**Task description:**
In the entries that follow, repeat exactly the lines from the one that has "9122097f1b1 G.SKILL RIPJAWS" through the one that has "Custom Website Design Background", but omit pictures.

**Data extracts:**

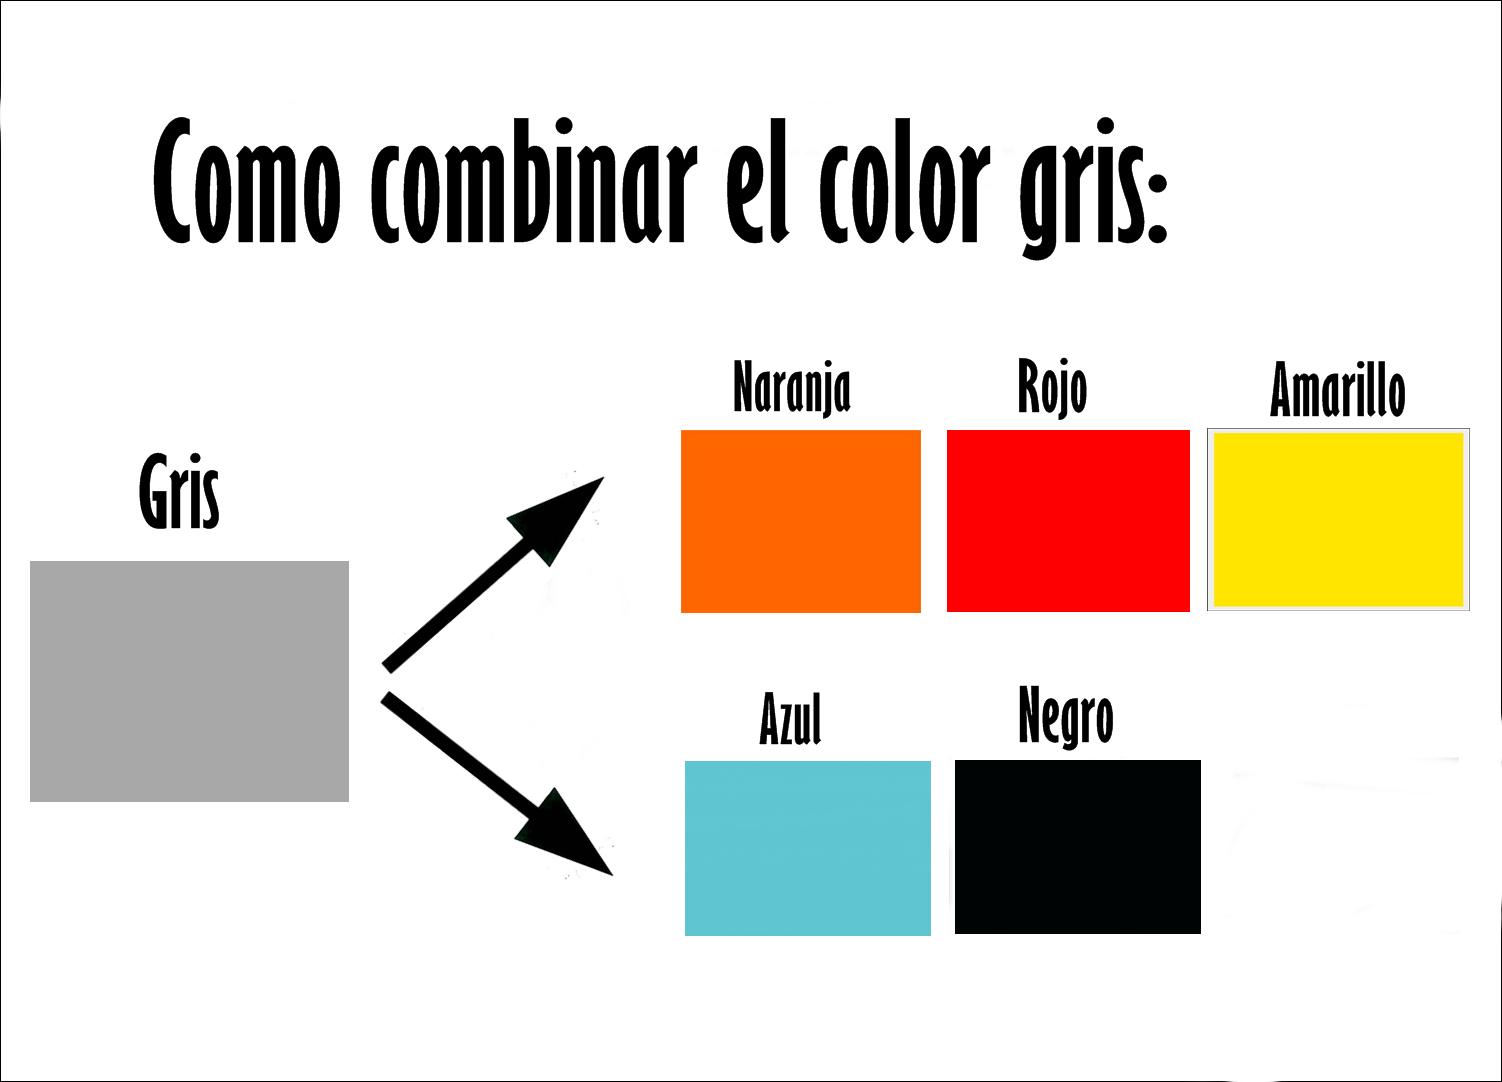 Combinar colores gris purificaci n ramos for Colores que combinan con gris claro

==

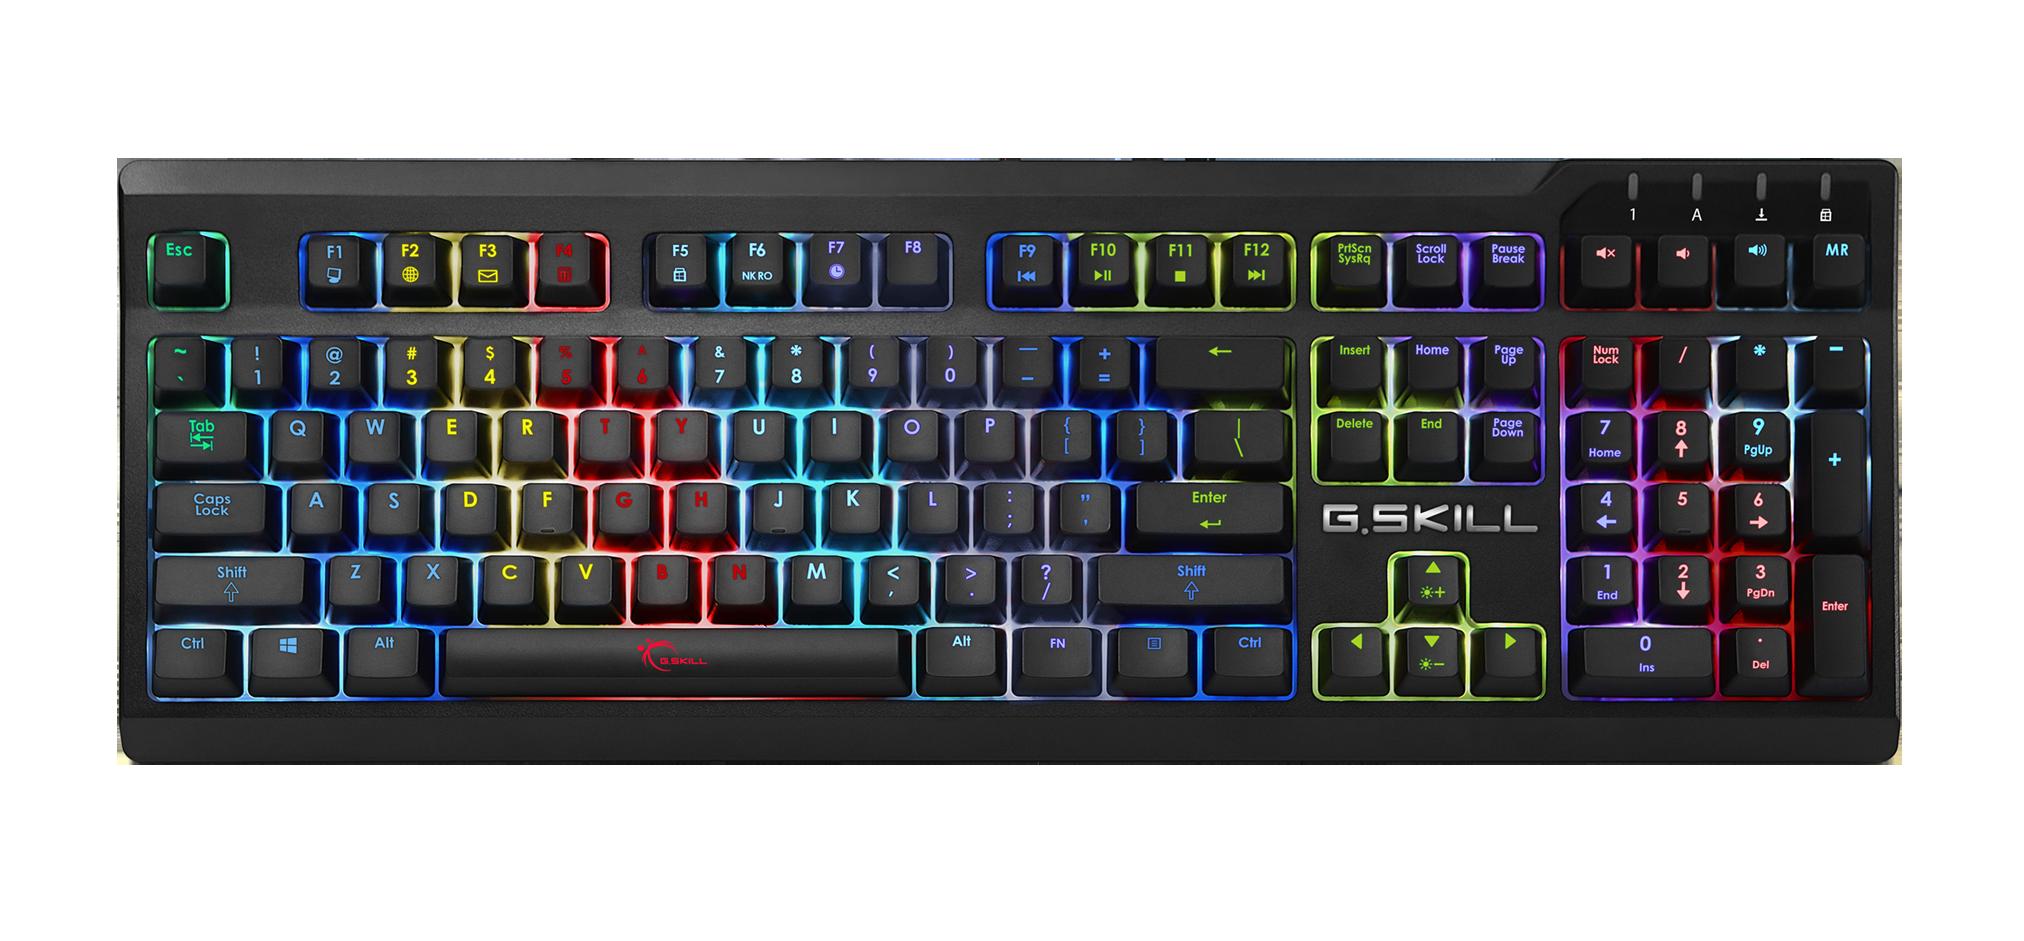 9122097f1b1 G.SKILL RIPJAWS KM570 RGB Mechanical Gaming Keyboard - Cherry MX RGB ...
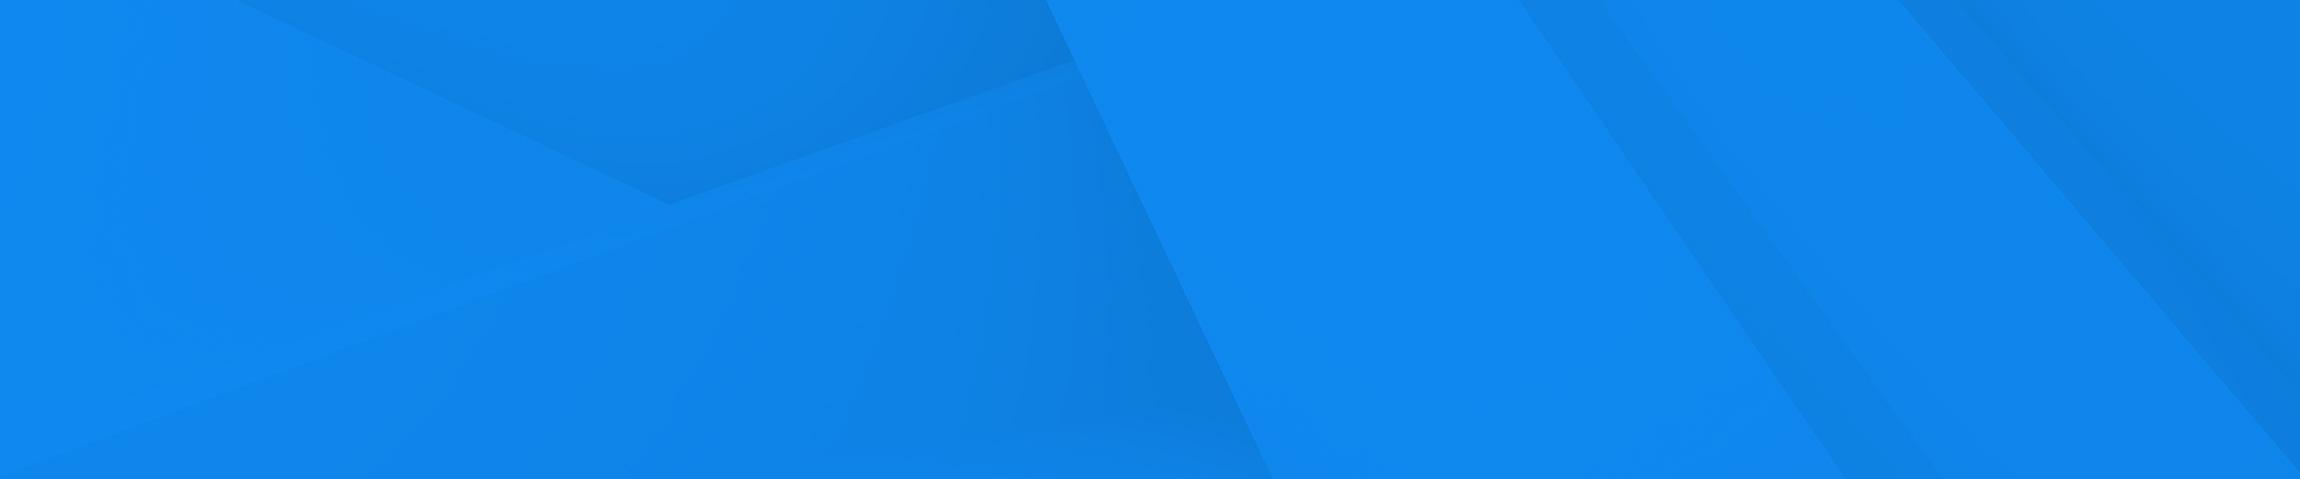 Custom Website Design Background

---

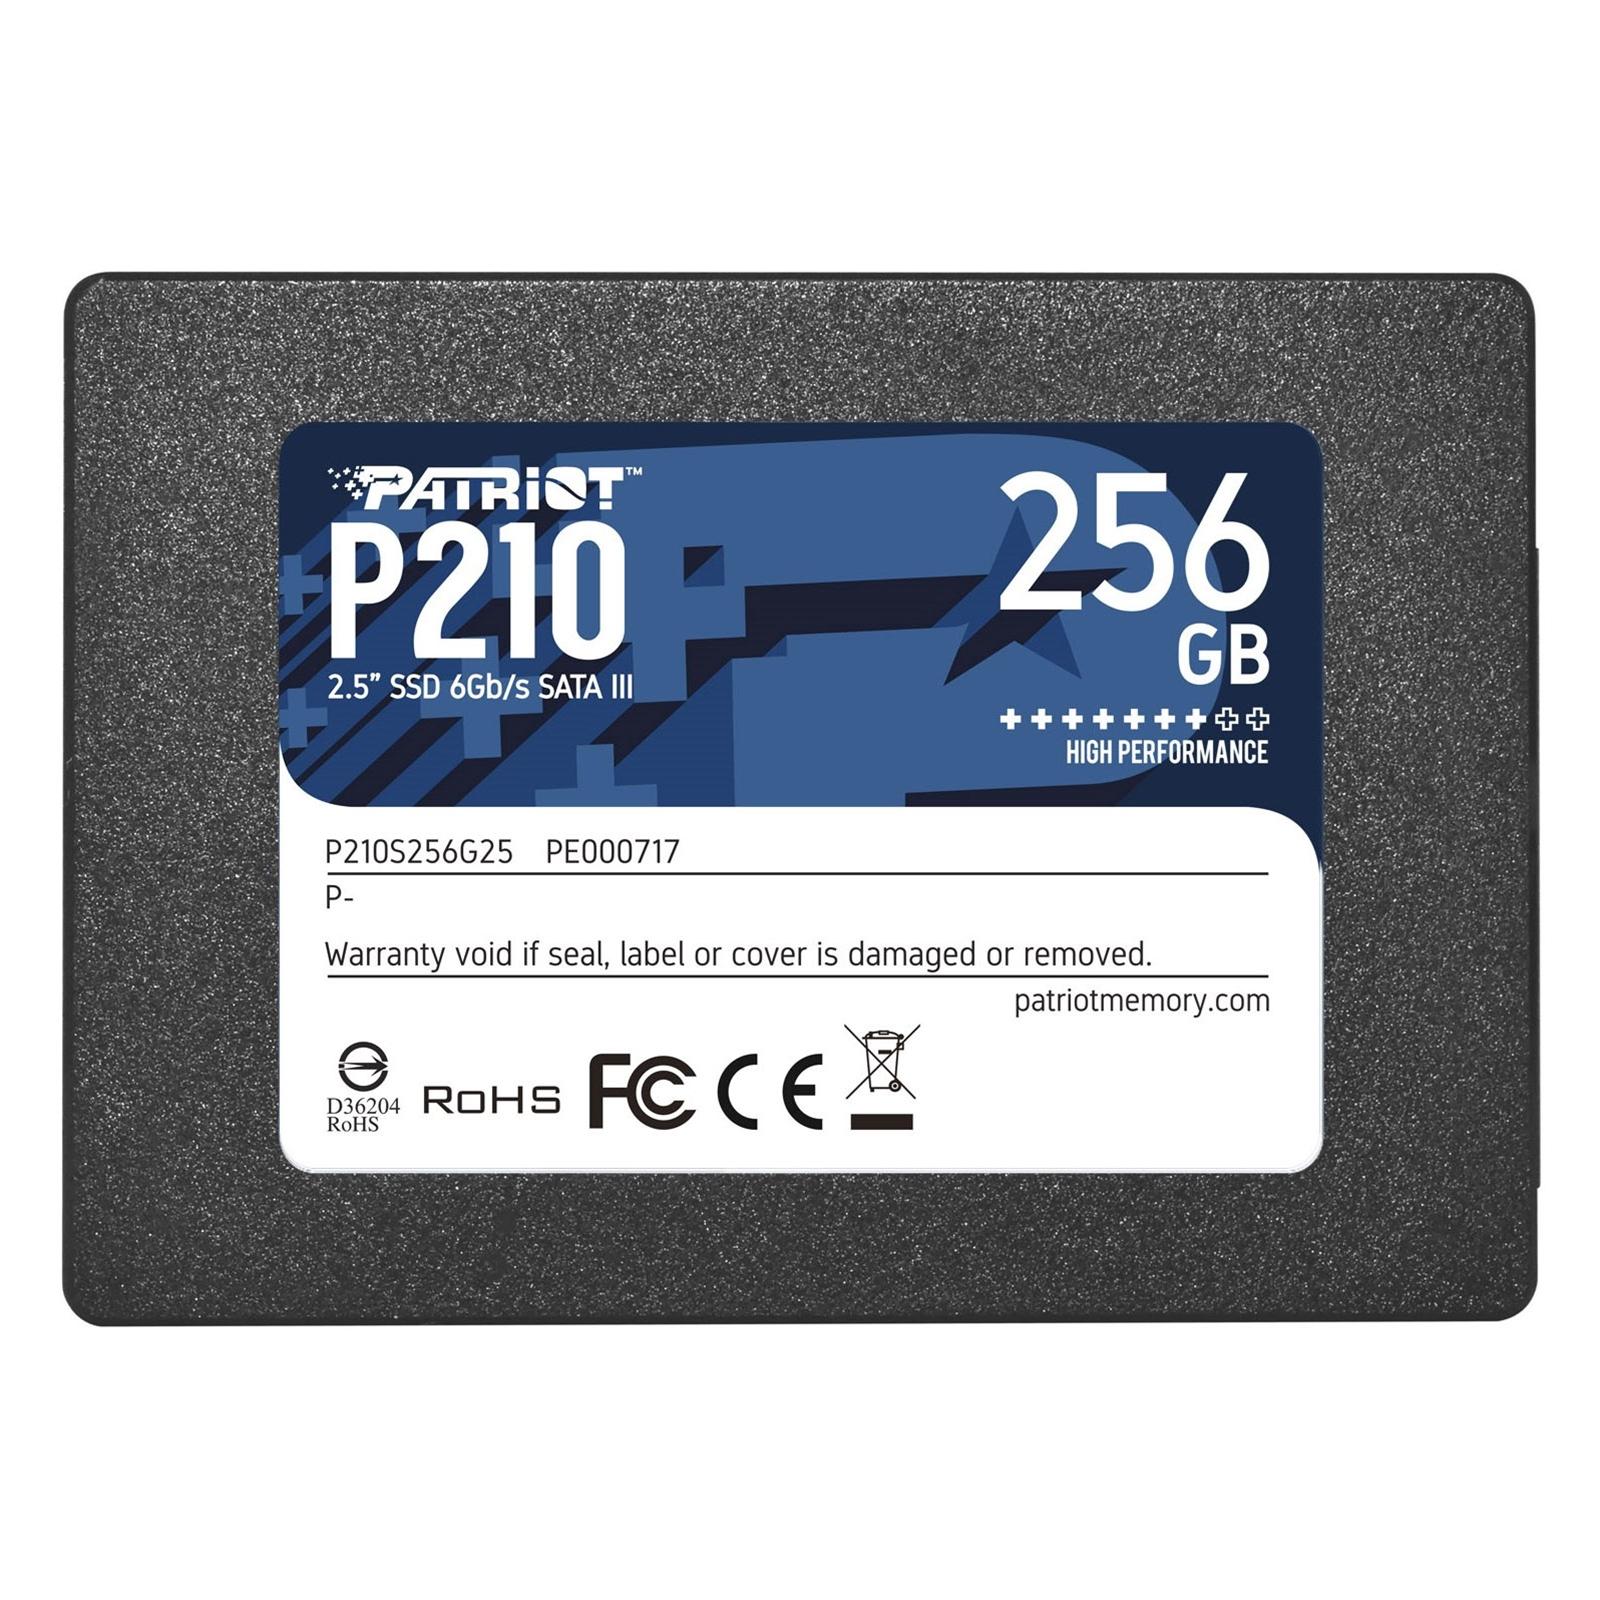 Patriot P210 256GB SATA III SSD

**Task answer:**
 9122097f1b1 G.SKILL RIPJAWS KM570 RGB Mechanical Gaming Keyboard - Cherry MX RGB ...
 Custom Website Design Background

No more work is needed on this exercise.